Headache. The name says it all. Tell a stranger you have a headache and he knows exactly what ails you. He might even have a good recommendation to cure it. Like, take a pill. Tell a stranger you have a heartache and he has no idea what to say next. There is no simple recommendation, no pill.
Headaches are always in your head; heartaches are never in your heart, not the organ, anyway. You have no control for the onset of a headache, but you can forestall heartaches with just strong will.
A headache creates a sharp pain that is impossible to ignore. It can be unbearable, but most headaches are short lived and you make a full recovery. The pain a heartache causes can’t be measured on such a simple scale as sharp or dull. Like the tide, heartaches ebb and flow over time, but the ocean is always present. The pill you take comes in the form of your next deep breath. Usher in a new thought wave.
Headaches are real. You can see the suffering all over a person’s face. Heartaches are real, too, but the suffering rarely shows itself to the world. With both aches, your world closes around you and life becomes impossibly small. It’s easy to understand the one ache, impossible to understand the other. And with both, you can only wait away the pain.
You never relive the same headache, each is stingingly different. You always relive the same haunting heartache.
Time heals all wounds they say, and that’s true enough. If we’re lucky, we outlive all of our headaches and our heartaches. It takes a while, but eventually we realize that neither ache leaves a scar.
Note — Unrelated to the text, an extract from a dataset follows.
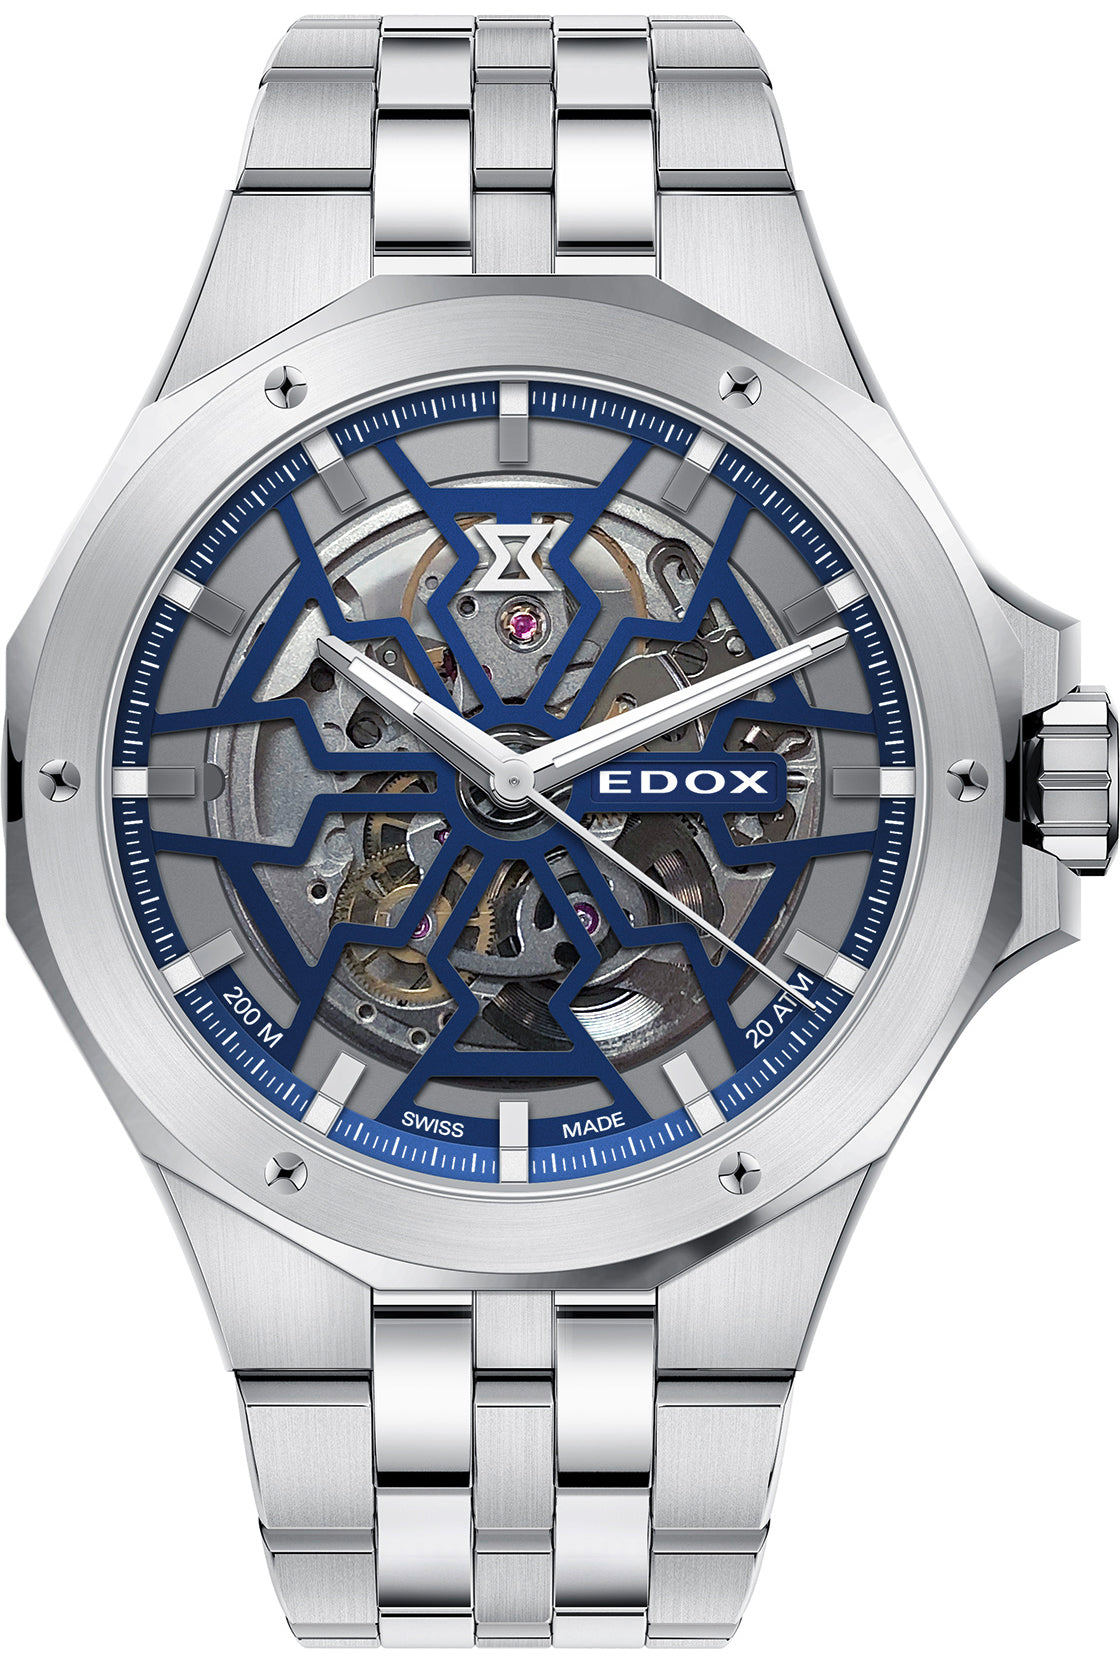 Photos - Wrist Watch EDOX Watch Delfin Mecano 3 Hands Skeleton - Silver EDX-051

These aching thoughts have been weighing heavily on me now that Knock Softly has come to a conclusion. There are a lot of aches at the end of my story; head, heart and otherwise. Correctly tying these internal pains together with their actors on the printed page is causing migraines in this author’s head.
And I have a heavy heart at this point in the story. I know I’m leaving now and I won’t be returning. This is the point the author has to say goodbye. Like good friends, I’ve become fond of my characters. Unlike good friends, I’ll never hear from these actors again. Like a heartache, this goodbye is final but never really over.
But I can’t let my own aches and pains get in the way. It’s only fair that the reader has a taste of these main characters’ futures. After a sumptuous main course, I can’t let a lousy dessert spoil the meal. I’m serving up Bittersweets for dessert in Knock Softly. Bon appetit!